— У меня небольшая проблема, — сказала она неохотно.
— Поссорились со своим бой-френдом?
— Пока я была здесь, я потеряла работу.
— Ах да, кризис в России. У нас тоже бывают кризисы.
— Я не хочу возвращаться домой.
— Какие вы знаете еще языки? — спросил он хрипло, боясь вспугнуть удачу.
— Английский, испанский.
— Мне нужна переводчица с испанского. Вам никогда не приходилось работать переводчицей, сеньорита? — Он смешно исковеркал последнее слово.

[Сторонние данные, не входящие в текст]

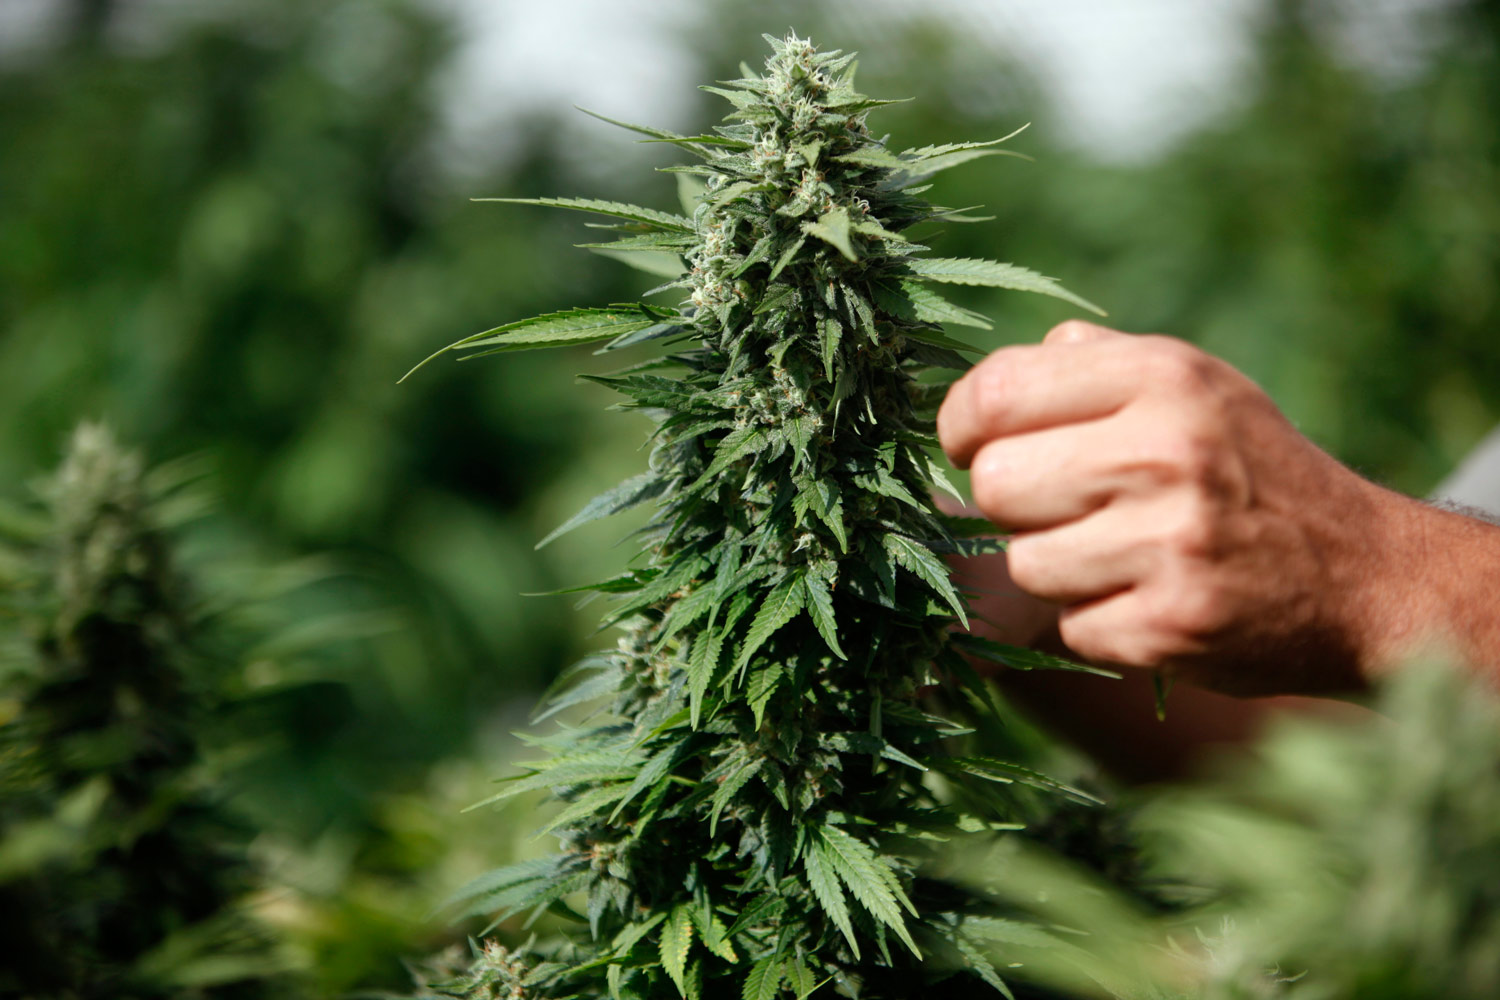  Pago Veiano, pianta di marijuana nascosta nel giardino di casa: denunciato

Она посмотрела на него надменно, и он подумал, что добьется своего, чего бы это ни стоило.
— Это чисто деловое предложение, мадемуазель.
Женщина неопределенно пожала плечами, и взгляд ее стал еще холоднее.
Анхель Ленин подошел к телефону и набрал номер, который дал ему человек в магазине восточных сладостей.
— У меня есть для вас работа, — сказал революционер негромко и грустно, выдергивая из сердца иезуитскую стрелу. Как странно устроена жизнь: за один день он нанял себе сразу двух служащих.
«Новый премьер-министр в России. Обострение ситуации в Косове. Движение „Талибан“ контролирует девяносто процентов территории Афганистана. Суд над чилийским диктатором Аугусто Пиночетом может не состояться. Взрыв церкви Иоанна Крестителя в Генте сорвал приезд понтифика в Бельгию».
Бенедиктов торопливо пробежал глазами строчки новостей. У него болели глаза. Он сидел перед экраном уже несколько месяцев подряд, исследовал разнообразные платные и бесплатные сайты, вращался в каких-то чатах, вступал в переписку с аматерами революции и антиимпериализма из Боготы, Веллингтона, Казани, Сиэттла, Тюмени, Чагодая, Калининграда, Купавны и Шанхая, зато теперь картина мирового сумасшествия была ему в общем виде ясна. Поразительная штука Интернет. Нечто вроде головы Карла Сикориса. Маленький чемоданчик, по которому в каюте американского военного корабля Бенедиктов следил за расстрелом русского парламента в девяносто третьем году и который Рей подарил ему в знак благодарности (а скорее всего с тайной мыслью, ибо Райносерос никогда ничего случайно не делал), за несколько лет из диковинной штуки превратился в рутину. Опять наступала революция — Господи, как они ему надоели, как хотелось их остановить, передохнуть от сумасшедшего движения дальтоников на красный свет, но еще более поражала его внутренняя связь явлений и предметов, точно кто-то занимался тем, что ткал и распускал ковер из одних и тех же нитей.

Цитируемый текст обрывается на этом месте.